Supervised learning models have some advantages over the unsupervised approach, but they also have limitations. The systems are more likely to make judgments that humans can relate to, for example, because humans have provided the basis for decisions. However, in the case of a retrieval-based method, supervised learning systems have trouble dealing with new information. If a system with categories for cars and trucks is presented with a bicycle, for example, it would have to be incorrectly lumped in one category or the other. If the AI system was generative, however, it may not know what the bicycle is, but would be able to recognize it as belonging to a separate category.
Uses and examples
Consider the news categorization problem from earlier. One approach is to determine what category each piece of news belongs to, such as business, finance, technology or sports. To solve this problem, a supervised model would be the best fit. Humans would present the model with various news articles and their categories and have the model learn what kind of news belongs to each category. This way, the model becomes capable of recognizing the news category of any article it looks at based on its previous training experience.
However, humans might also come to the conclusion that classifying news based on the predetermined categories is not sufficiently informative or flexible, as some news may talk about climate change technologies or the workforce problems in an industry. There are billions of news articles out there, and separating them into 40 or 50 categories may be an oversimplification. Instead, a better approach would be to find the similarities between the news articles and group the news accordingly. That would be looking at news clusters instead, where similar articles would be grouped together. There are no specific categories anymore.
This is what unsupervised learning achieves: It determines the patterns and similarities within the data, as opposed to relating it to some external measurement.
Supervised learning may be the ideal solution for many AI problems. However, it requires huge amounts of correctly labeled data to reach acceptable performance levels, and such data may not always be available. Unsupervised learning does not suffer from this problem and can work with unlabeled data as well.

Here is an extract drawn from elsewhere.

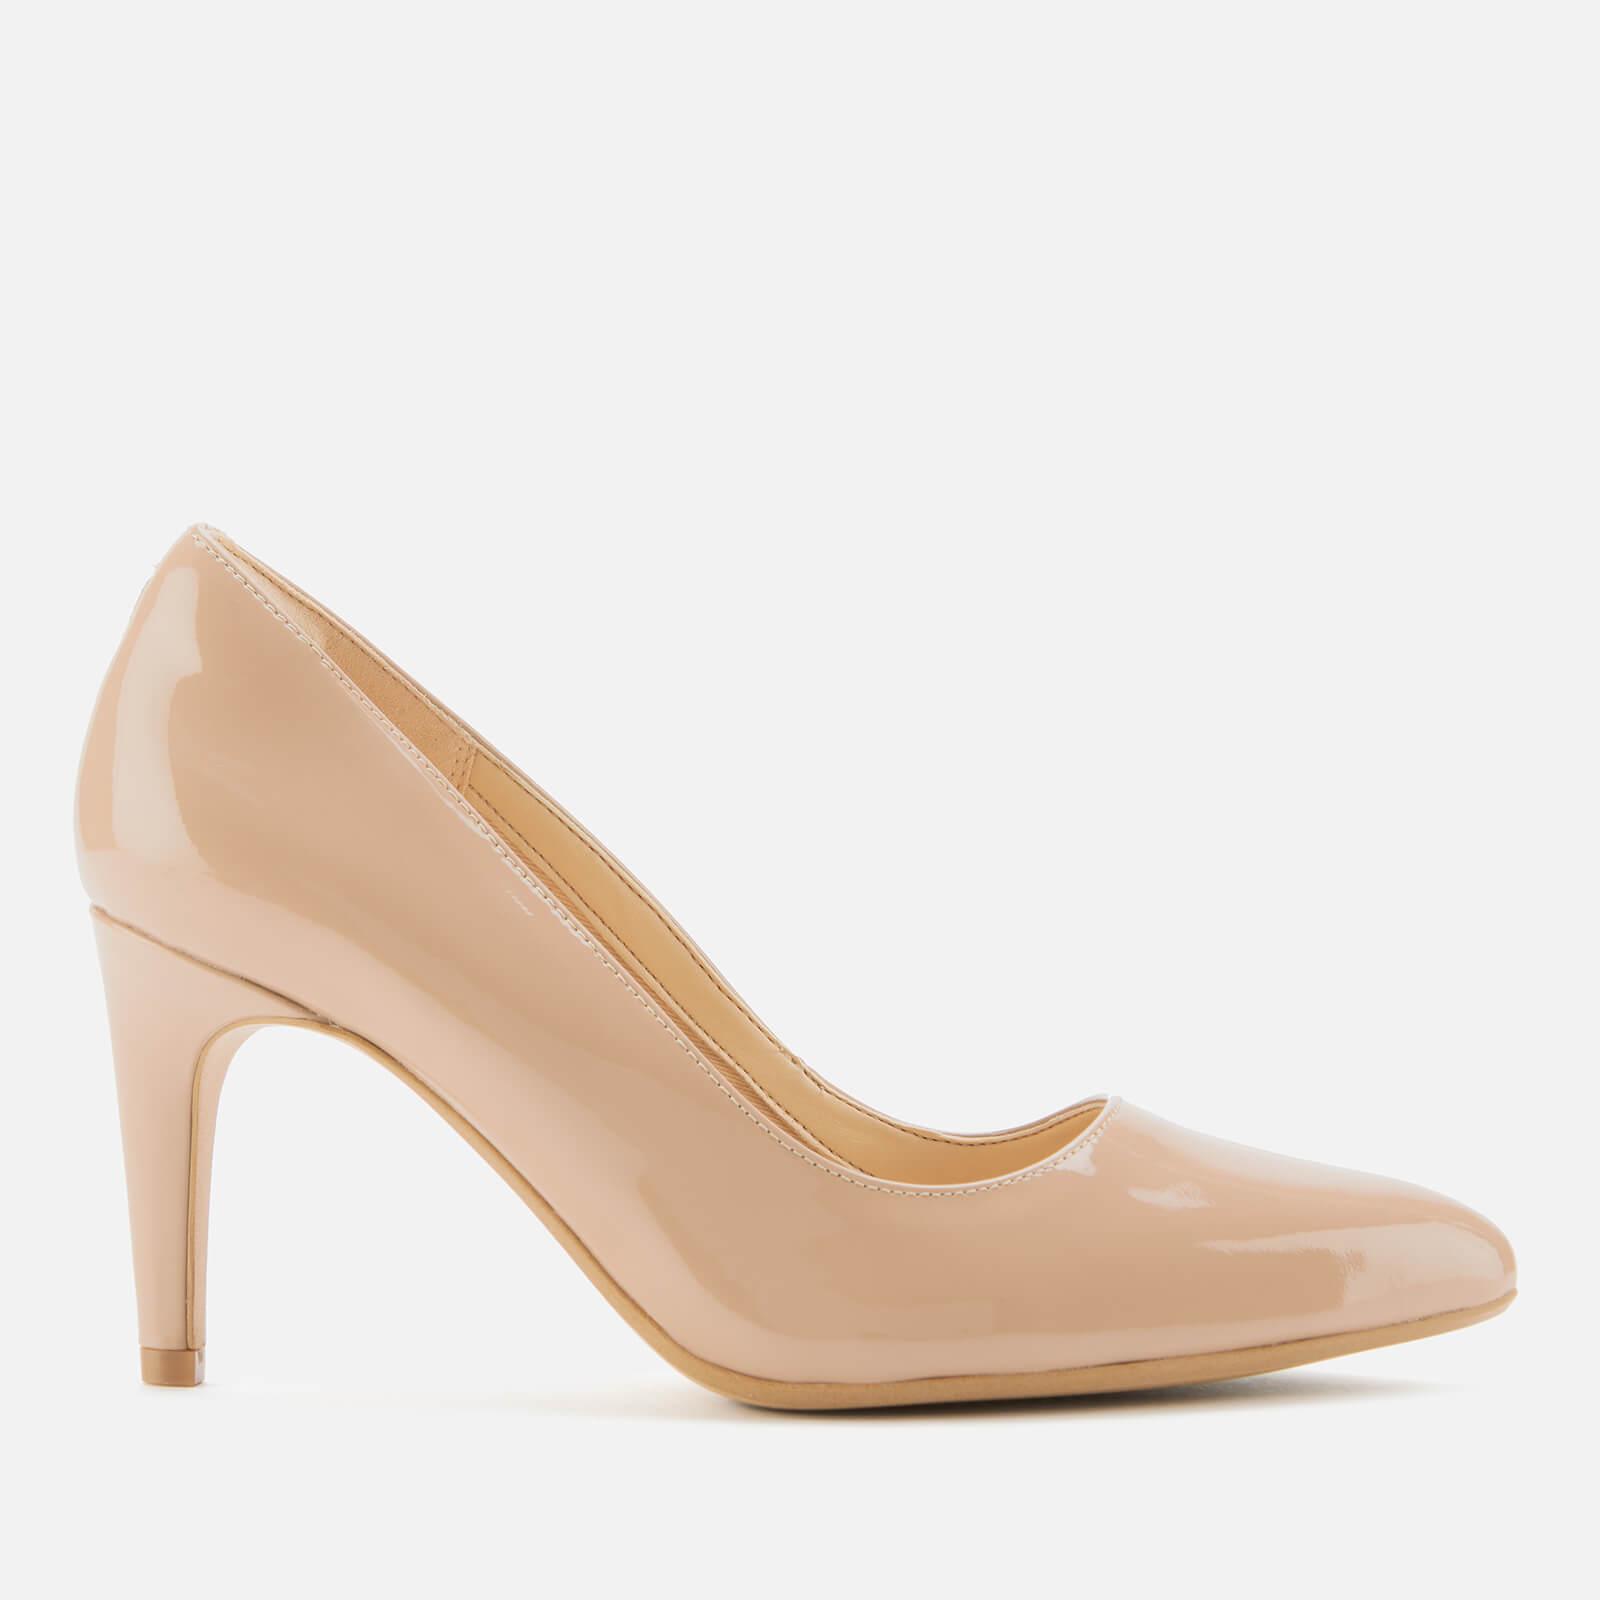 Clarks Women's Laina Rae Patent Court Shoes - Praline - UK 4

In cases where supervised learning is needed but there is a a lack of quality data, semisupervised learning may be the appropriate learning method. This learning model resides between supervised learning and unsupervised; it accepts data that is partially labeled -- i.e., the majority of the data lacks labels.

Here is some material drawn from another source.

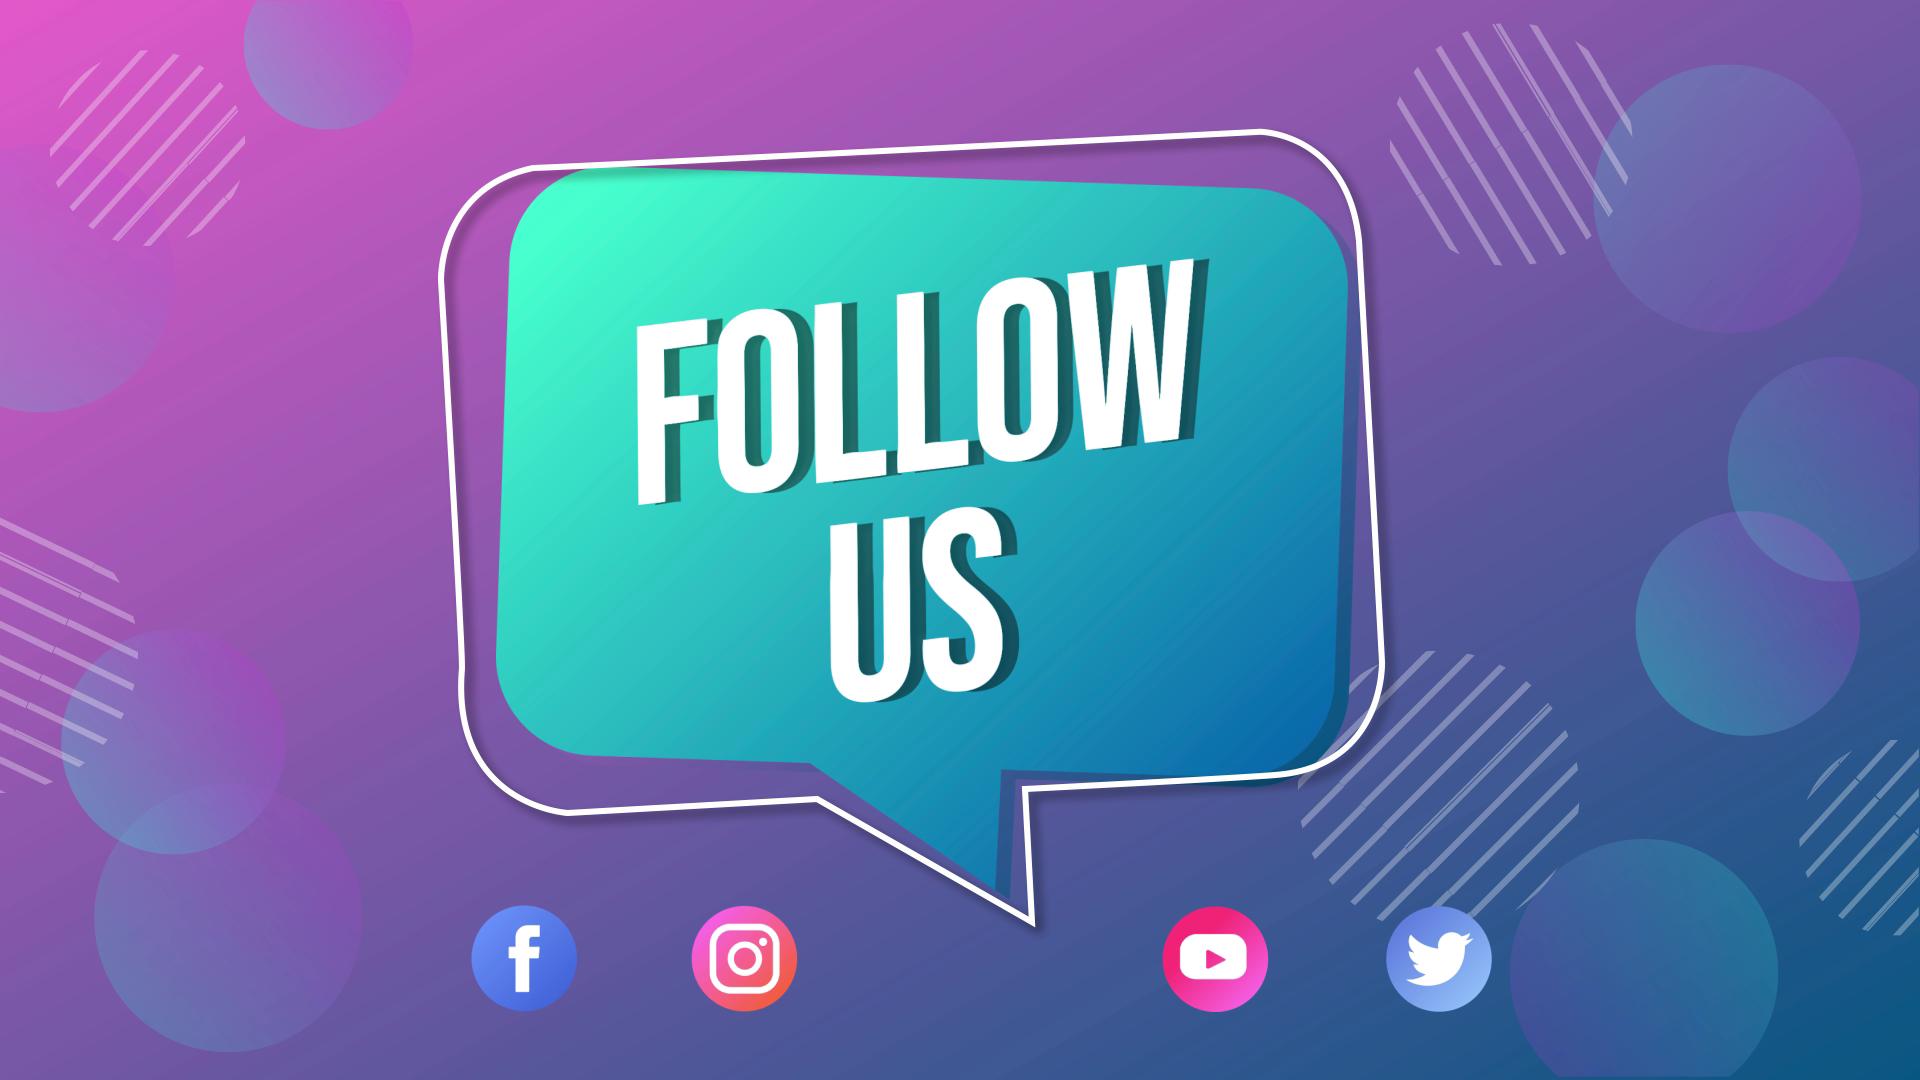 Follow Us Animation

Semisupervised learning determines the correlations between the data points -- just like unsupervised learning -- and then uses the labeled data to mark those data points. Finally, the entire model is trained based on the newly applied labels.
Semisupervised learning has proven to yield accurate results and is applicable to many real-world problems where the small amount of labeled data would prevent supervised learning algorithms from functioning properly. As a rule of thumb, a data set with at least 25% labeled data is suitable for semisupervised learning.
Facial recognition, for instance, is ideal for semisupervised learning; the vast number of images of different people is clustered by similarity and then made sense of with a labeled picture giving identity to the clustered photos.